NRG1 fusions are rare; Merus estimates they occur in 3% of non-small cell lung cancer patients, 1.5% of pancreatic cancer cases and less than 1% of all other cancer types.
That said, targeting rare genetic abnormalities can be a good business strategy, as proven by Bayer’s Vitrakvi, approved by the FDA late last year to treat any cancer with TRK fusions. Analysts estimate sales of the drug could eventually hit $850 million per year.
Merus attracted some buzz a few years back with its impressive list of big-named backers, which included Novartis, Johnson & Johnson and Pfizer. It had to dial down its plan to raise $100 million in an initial public offering but still managed to pull in $55 million in May 2016. Later that year, it inked a $200 million deal with Incyte to develop bispecific antibodies.
During the conference call, one analyst asked if Merus has a good handle on why some patients with NRG1 fusions do better on zenocutuzumab than others. He wondered, could other genetic abnormalities be present that could make patients resistant to the drug, even if they have an NRG1 fusion? Logtenberg acknowledged that the impact of other cancer-promoting genes on the efficacy of the drug has yet to be determined.

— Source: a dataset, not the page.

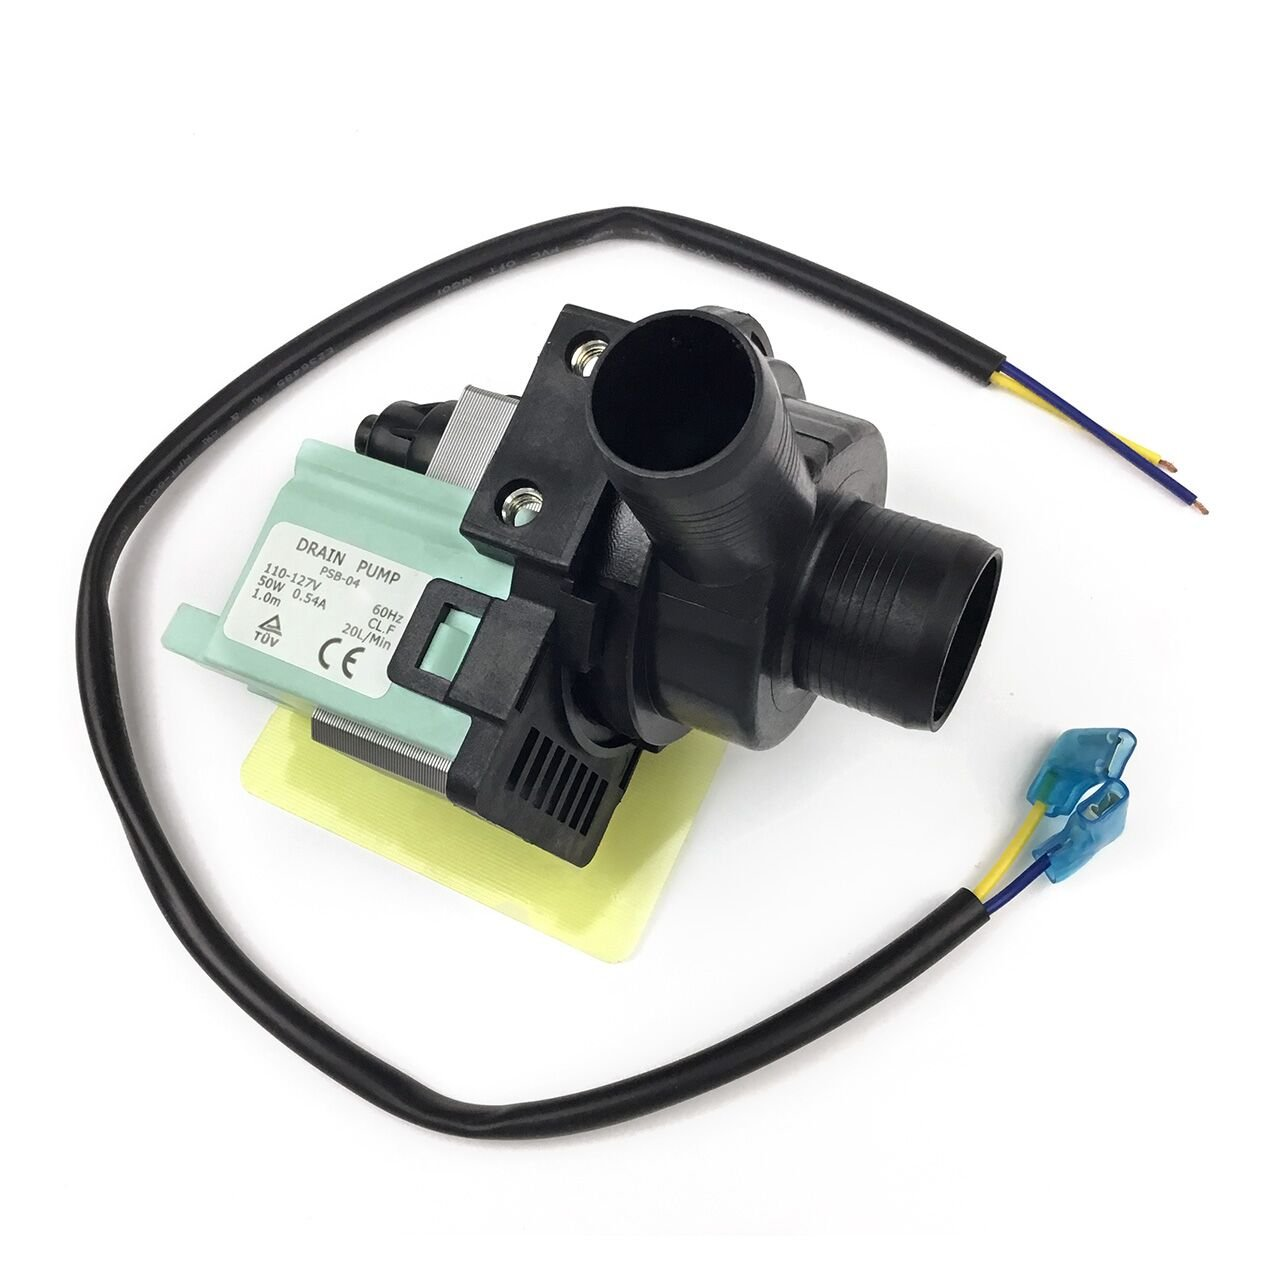 Sikawai 35-6780 Drain Pump Replacement Part Compatible with GE Magic Chef Crosley Amana Washing Machine Replacecs 21001906 35-6465 WP35-6465 21002240 1480289 AP4372886

In lung cancer in particular, “fully understanding the genomic mutational status of these patients will be imperative going forward to understand why certain patients will have responses and other have not,” Logtenberg said. “That’s obviously a work in progress.”
The trial of zenocutuzumab in solid tumor patients with NRG1 fusions will enroll 250 patients and is estimated to finish in late 2022.